18: You try so hard, you get a +1 bonus to perception rolls!
*roll*
5 (6): But all you see are some bandits that think you have fuel.
ROLL TO DODGE!
8: You're kicked in the shin for 6 damage.

NinjaCow64 said:
As a reward for my sevices to the Brotherhood my character is finally put on the opening post :p
17: You materialize in the African savanna with a complementary laser chain gun and three battery packs.

hoplitejoe said:
I ask my fellow Tajik elders if they have heard of "Horace, Master of Bmfpqrtz", and if they have heard of his whereabouts.
13 (14): Local legend holds that Horace passed through Afghanistan on his way to Tibet.

SouthernKing said:
I keep trying
13: You find Darth Caesar's Enchanter, who uses practical medicine to stop the bleeding.

Dhoomstriker said:
Travelling via lion back (thank you, Attlee), together with the rest of our lions, I arrive at CivGeneral's location, where I engineer a medical contraption using some Popsicle sticks and duct tape that restores us both to full health.
8 (13): You make haste to CivGeneral and manage to rig some emergency stimulants that restore 25 hitpoints to the both of you.

CivCube is declared AWOL.
Verarde didn't make the cut.
Ion Cannon strike on CivGeneral! He's on the brink of collapse...
 
I head to the nearest store and nick some Tentacle Grape.
 
Hush, now. I was enacting powerful legislation with the moves of love. Now that the town has my back, I dance for no other reason than to put the jive back into politics.

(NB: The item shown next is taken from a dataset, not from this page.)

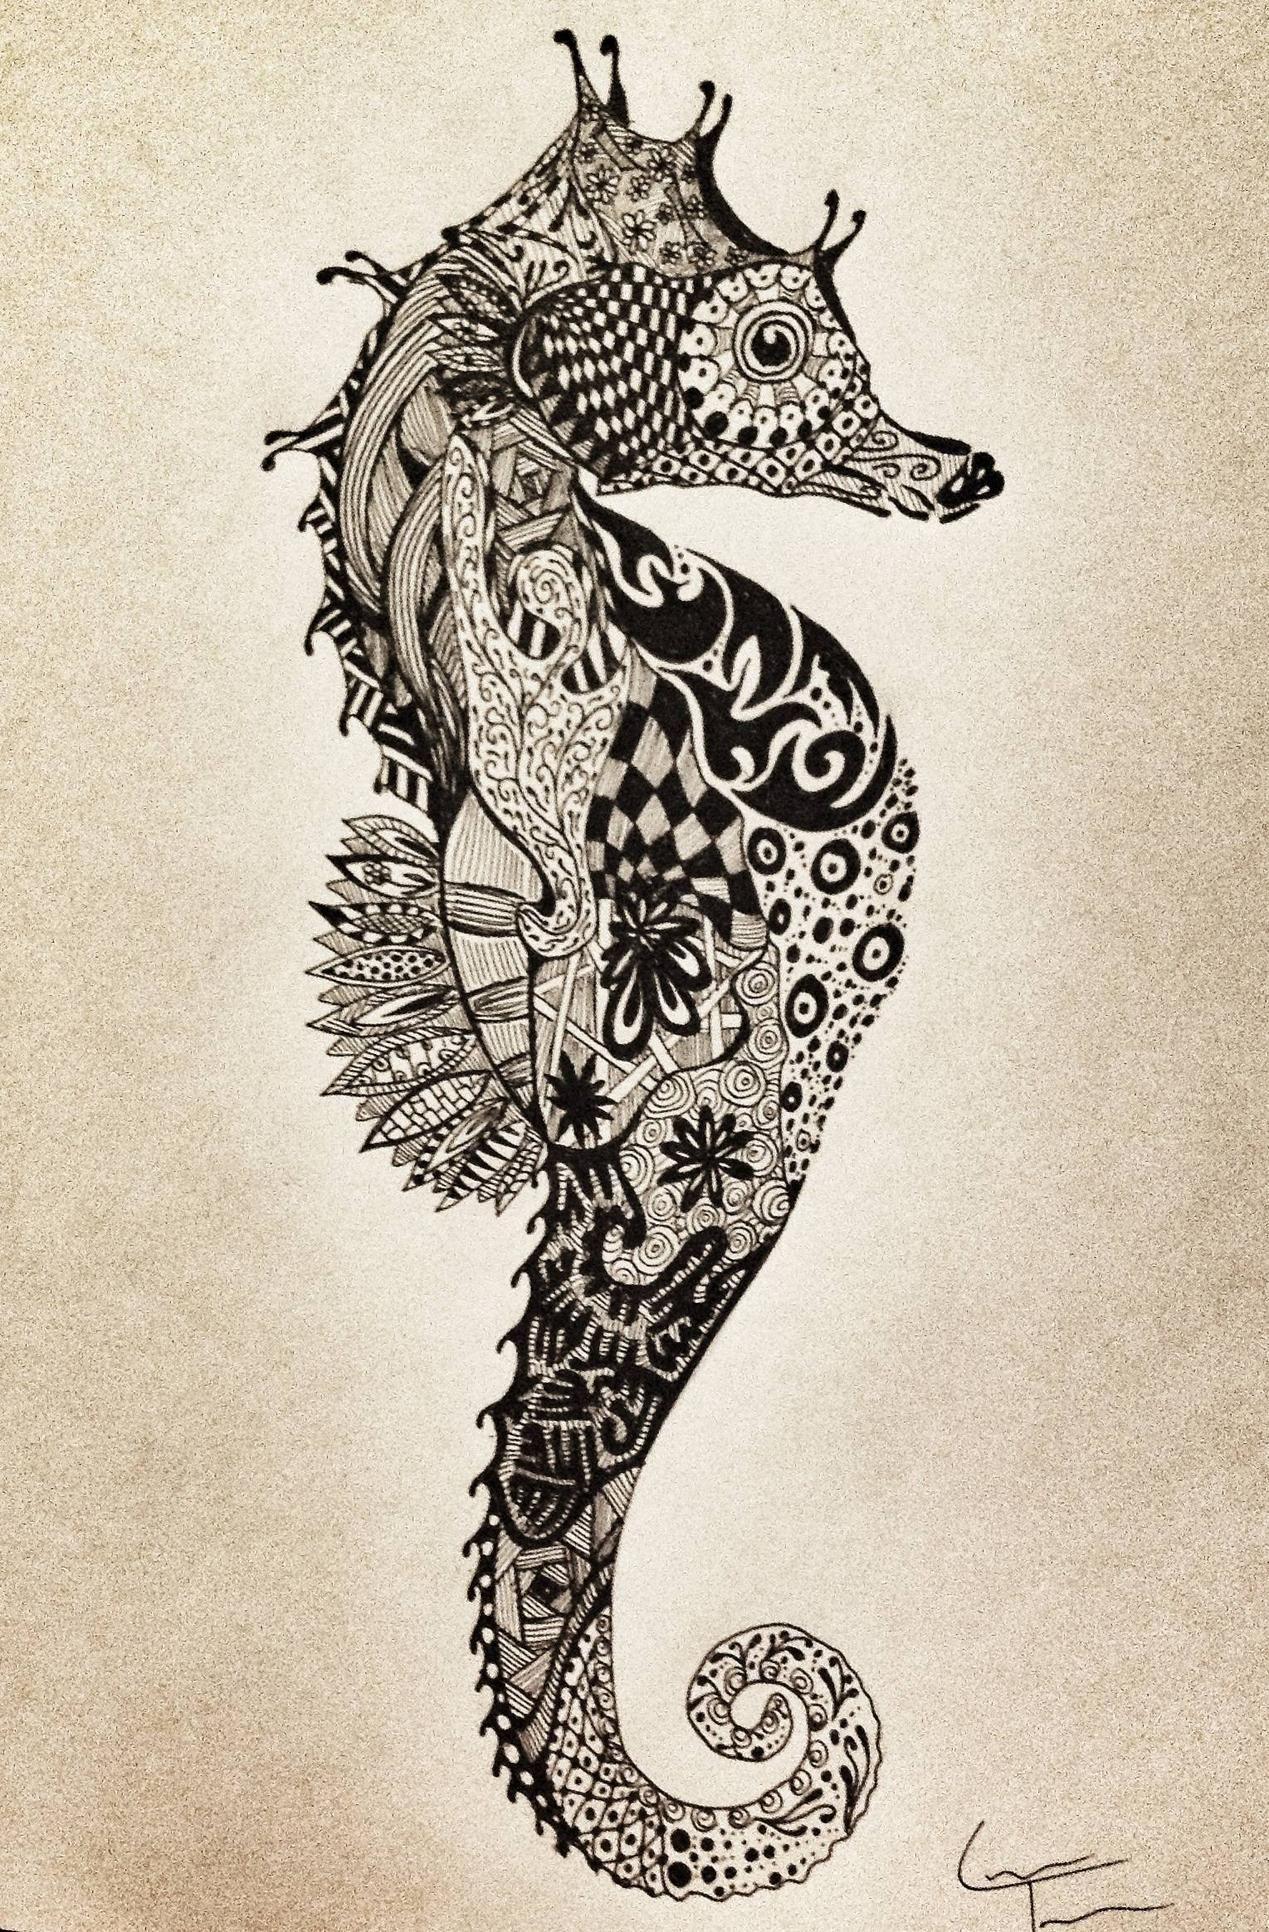 More Zentangle | Tatuajes, Dibujo y Caballos de mar

CivCube iiiiiiiiiiiissssss...the MAYOR OF MOONWALK

in

DOO-WOP DEMOCRACY 2: BOOGIE BOOGALOO
 
Due to my excellent relations with the Finnish people it should be easy to get the great Finnish rock band the Leningrad Cowboys to do a concert in my support.
 
My metagaming senses are tingling! There's a large amount of unfriendlies converging on Dhoomstrikers position! Using a conviently located wormhole to AMERICA, I make my way to his location and fire at anyone in (Dhoom)striking range with hot death lazers. FOR DODGE!